Ministry says children not fully immunised will not be admitted to school
THE health ministry has reminded parents that their children will not be admitted to schools next month if they are not fully immunised. The new school year starts on September 6.
Dr Christine Hammond-Gabbadon, acting director of the Family Health Services Unit in the ministry, said if parents were unsure of whether or not their children were fully immunized for their age, they should consult their public health nurse to be advised of what was needed and have their schedule updated.
“If you have been getting immunisation at an health centre, then they have a tracking register and if you have lost the card, you can get back the information from the health centre you have been to before. By law, the schools are not allowed to take the child in without immunisation and the parents are not allowed to say they don’t want their child to get it,” Dr Hammond-Gabbadon told JIS News. “There might be certain exceptions for medical reasons, but that’s about it,” she added.
Medical exemptions, she said, include cases where children are immuno compromised, that is, if the child is receiving treatment for diseases of the immune system such as HIV/AIDS or cancer.
“Then, you wouldn’t want to give a live vaccine. Vaccines are killed or very weakened parts of the germ, so if somebody has an immune system disease, that would reduce their immune levels, so they can’t react in the normal way to the vaccine and there are certain vaccines that we would not give, such as the oral polio and the live measles vaccine,” Hammond-Gabbadon explained.
She said the health ministry has been offering daily immunisation at its regional health centres, which already have set days on which they conduct child welfare visits or ‘baby clinics’, where parents bring their children to be immunised.

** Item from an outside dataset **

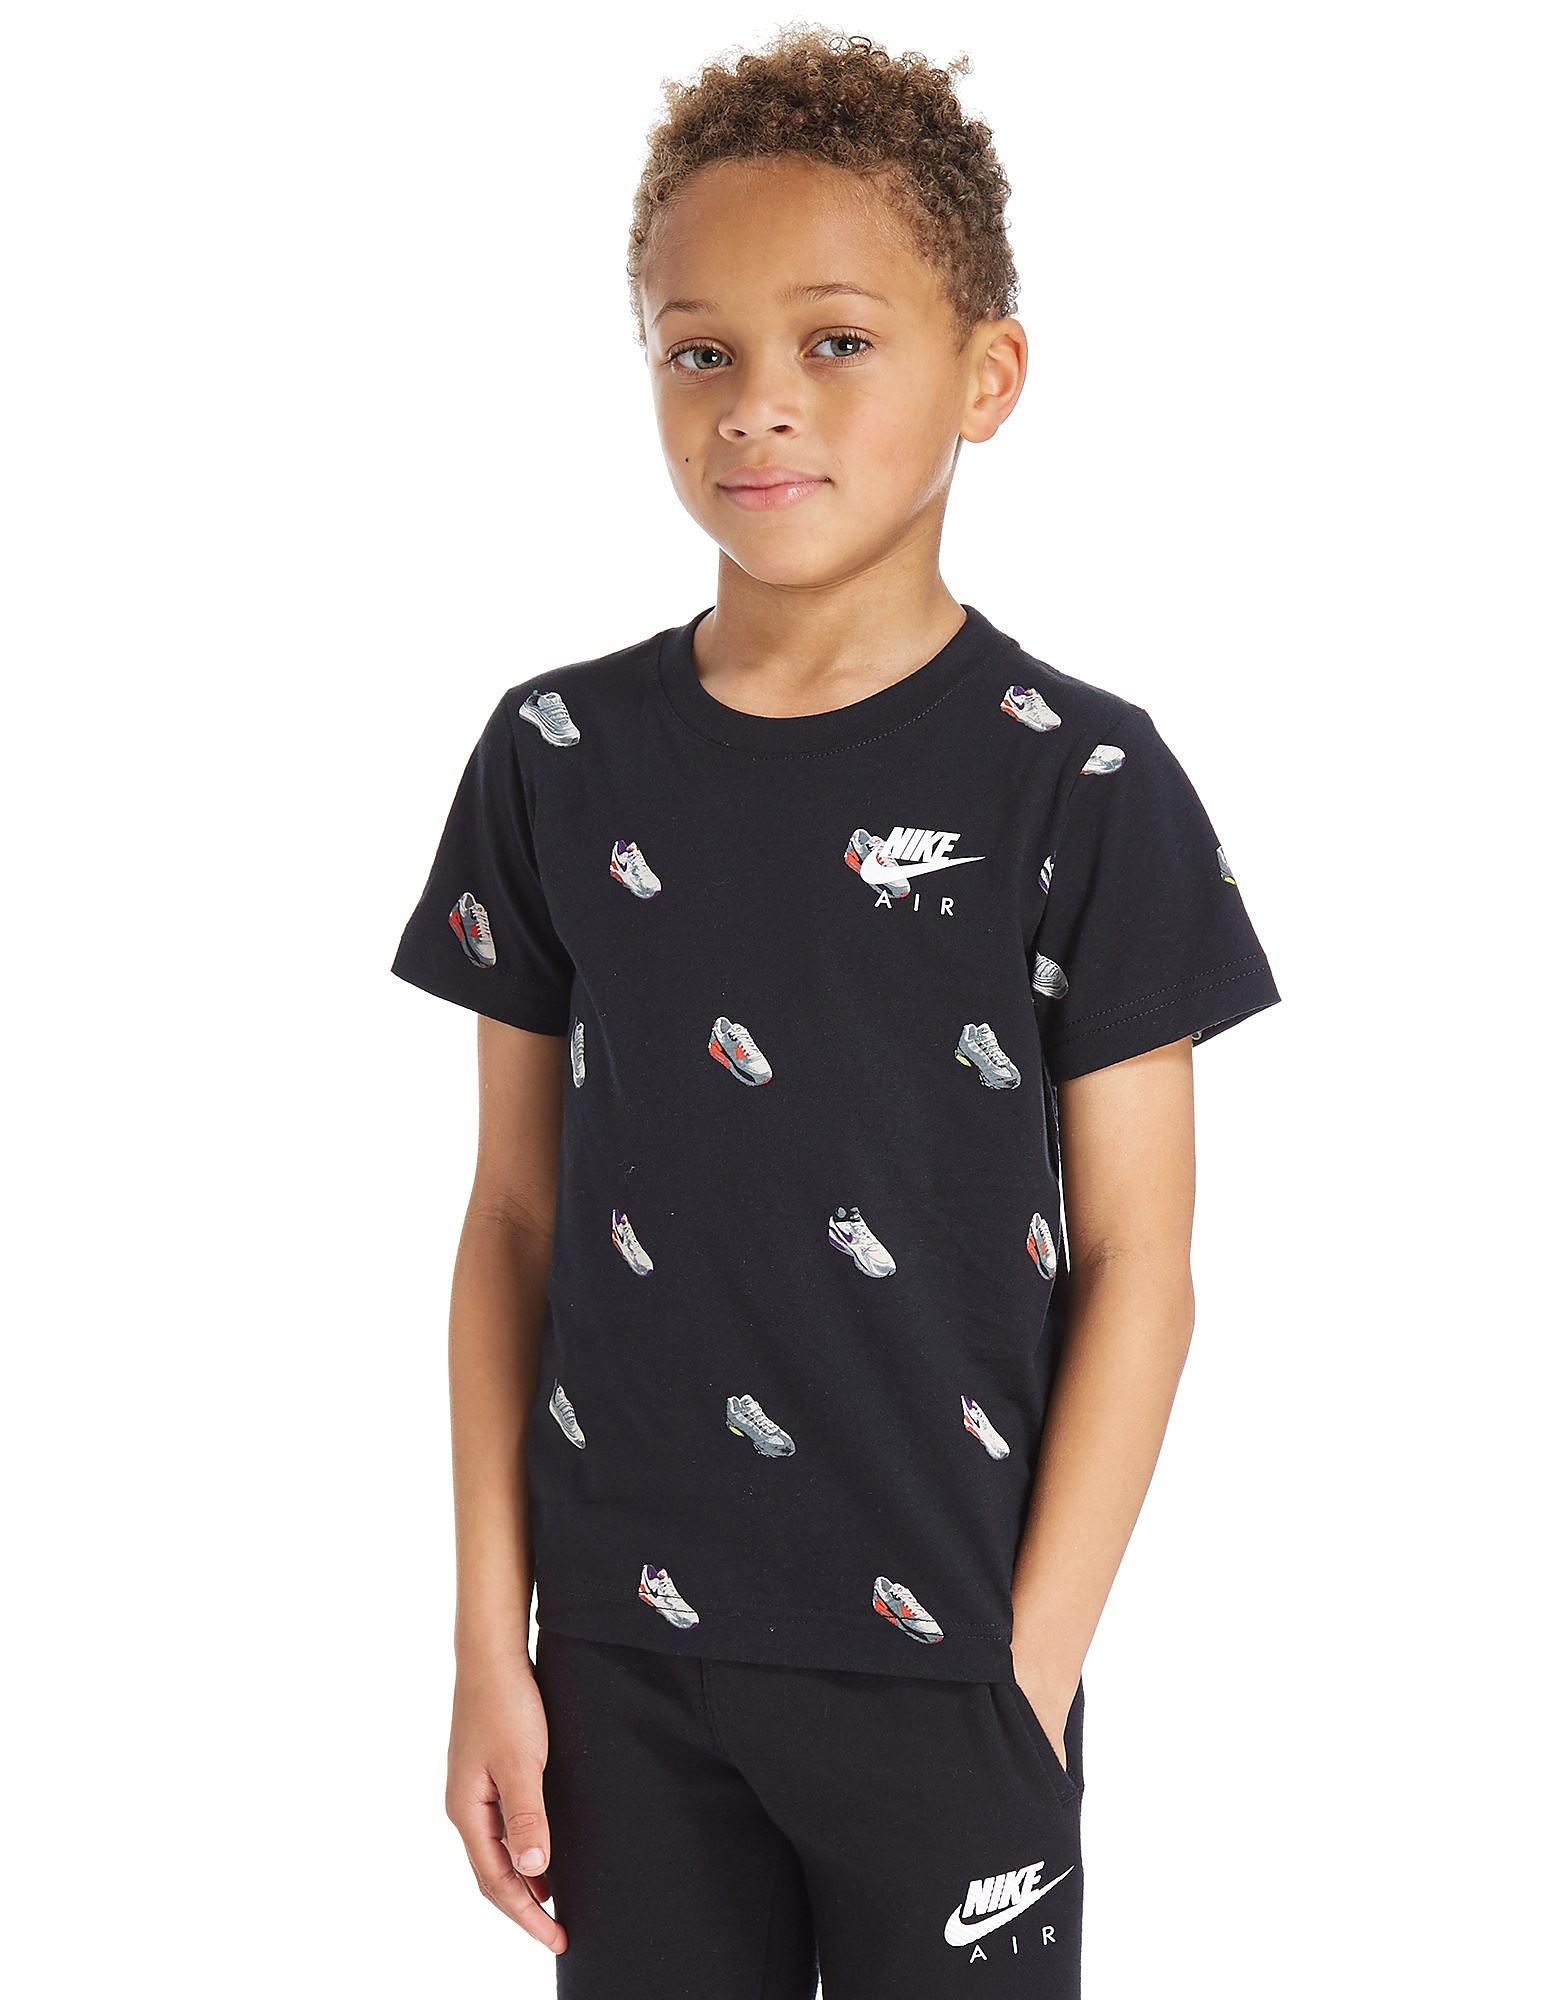 Nike Air Schuh-Druck T-Shirt Kinder

She told JIS News that the number of children being targeted in specific age cohorts was in the region of 60,000, which would include children in basic schools, those entering grade one and those entering high schools. “The immunization law speaks to children up to age seven. By law, they have to be fully immunised for school, which means the primary series and the two boosters at 18 months and age four (respectively). By the time a child enters grade one, they would have had these,” she said.
Dr Hammond-Gabbadon pointed out that full immunisation for an 18-month-old child was different from full immunisation for a six year-old and as such, the ministry was no longer stamping the card “fully immunized”, because, “if you are one year-old and you have had your one-year-old shot, then you are fully immunised, but at 18 months if you don’t get that booster, then you are not fully immunized”.
She said the aim of the Family Health Unit was to achieve at least 90 per cent coverage for children 12 to 23 months and that this thrust had been going fairly well with coverage presently at 80 per cent.